Mirror Galvanometer and Siphon Recorder
Since whatever the potential applied at the sending end of the cable might be (and, of course, as has been stated, this potential had to be kept to as low a value as possible) the current at the receiving end only rose gradually, it was necessary to have as delicate a receiving instrument as possible, so that it would quickly respond to the growing and still feeble current. For unless the cable could be worked at a rate which would permit of charges per word transmitted which were within the reach of commercial people, it was obvious that the enterprise would fail of its object. And as a cable could not cost less than half a million sterling, the revenue to be aimed at was very considerable. This problem Thomson also solved by the invention of his mirror galvanometer. The suspended magnet was made of small pieces of watch-spring cemented to a small mirror, so that the whole moving part weighed only a grain or two. Its inertia, or resistance to being set into motion, was thus very small, and it was hung by a single fibre of silk within a closed chamber at the centre of the galvanometer coil. A ray of light from a lamp was reflected to a white paper scale in front of the mirror, which as it turned caused a spot of illumination to move along the paper. A motion of this long massless index to the left was regarded as a dot, a motion to the right as a dash, and the Morse alphabet could therefore be employed. This instrument was used in the 1858 cable expedition, and a special form of suspension was invented for it by Thomson, to enable it to be used on board ship. The suspension thread, instead of being held at one end only, was stretched from top to bottom of the chamber in which the needle hung, and kept tight by being secured at both ends. Thus the minimum of disturbance was caused to the mirror by the rolling or pitching of the ship.

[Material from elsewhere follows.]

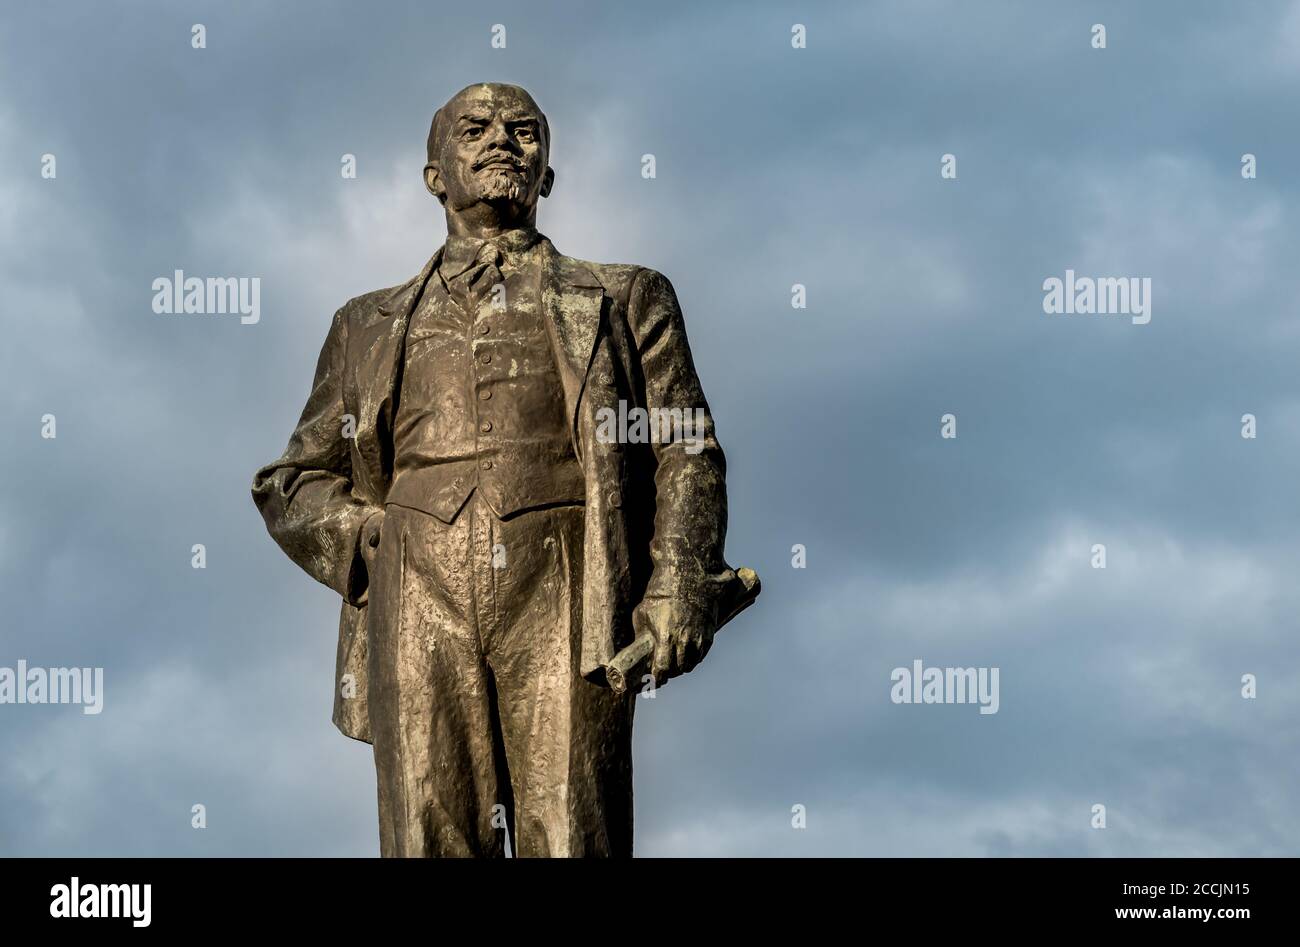 Pskow, Russische Föderation - 4. Mai 2018: Denkmal Wladimir Iljitsch Lenin auf dem Leninplatz im Zentrum Pskows, Russland Stockfoto
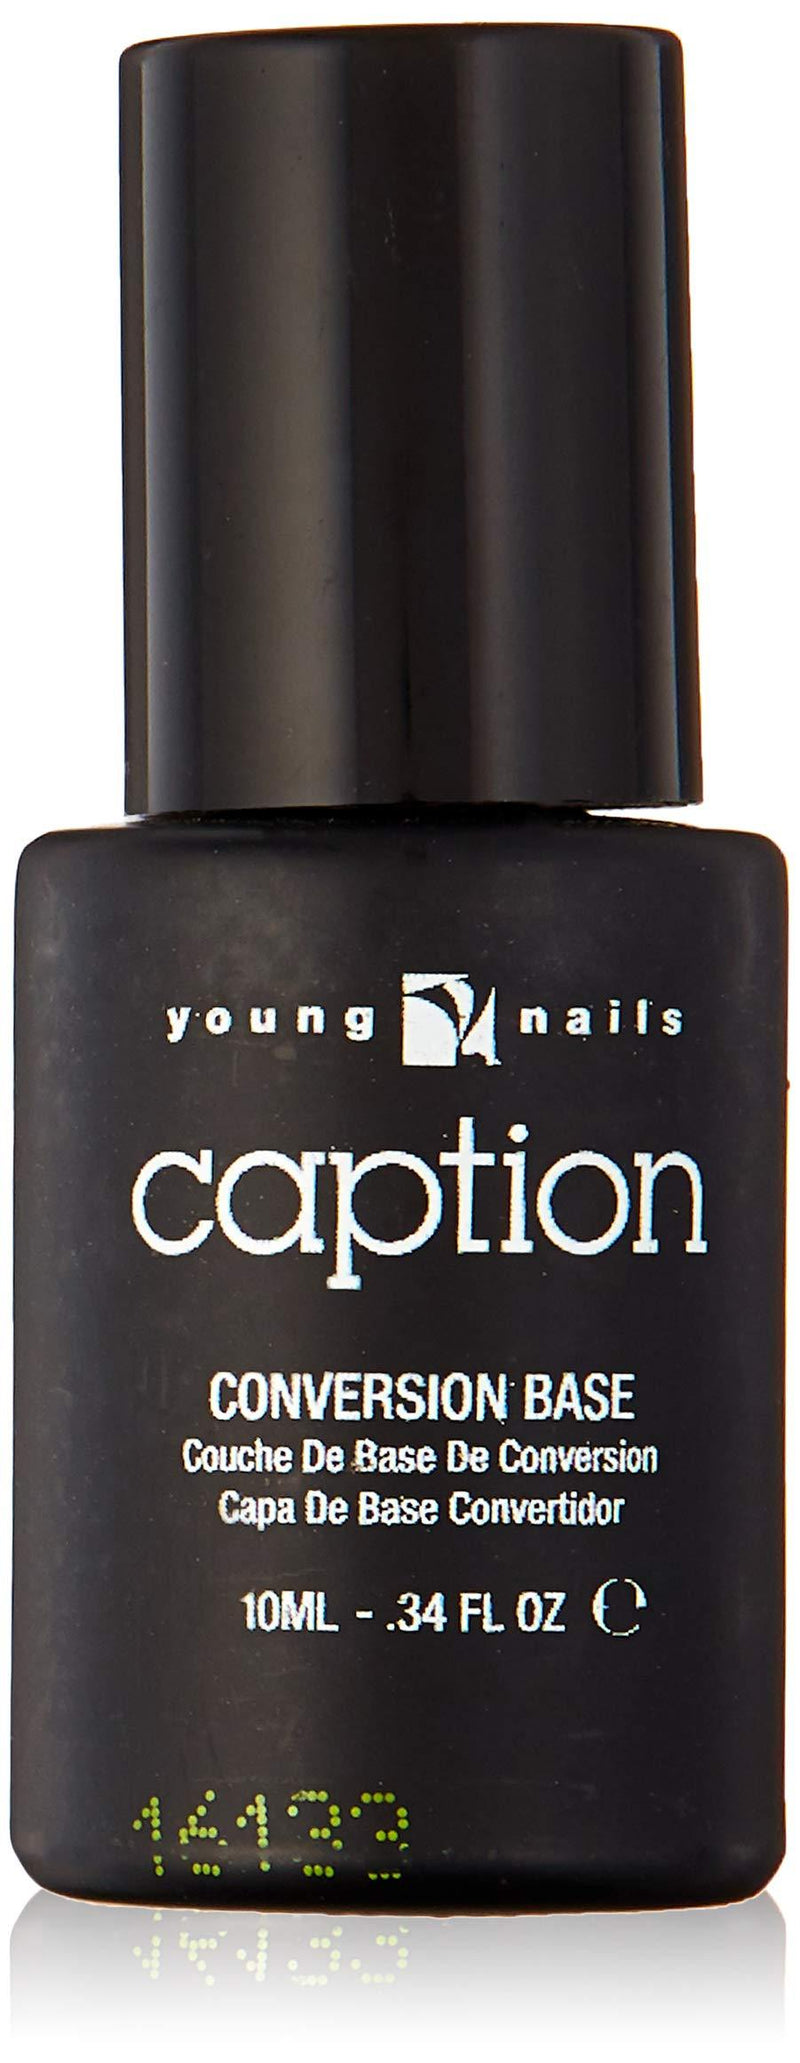 Young Nails Caption Nail Polish, Conversion Base - BeesActive Australia

The galvanometer was also enclosed in a thick iron case to guard it against the magnetic field due to the iron of the ship. The "iron-clad galvanometer" first used in submarine telegraphy (on the 1858 expedition in the U.S. frigate Niagara) is in the collection of historical apparatus in the Natural Philosophy Department of the University of Glasgow.
The mirror galvanometer then invented has become one of the most useful instruments of the laboratory. Mirror deflection is now used also for the indicators of many kinds of instruments.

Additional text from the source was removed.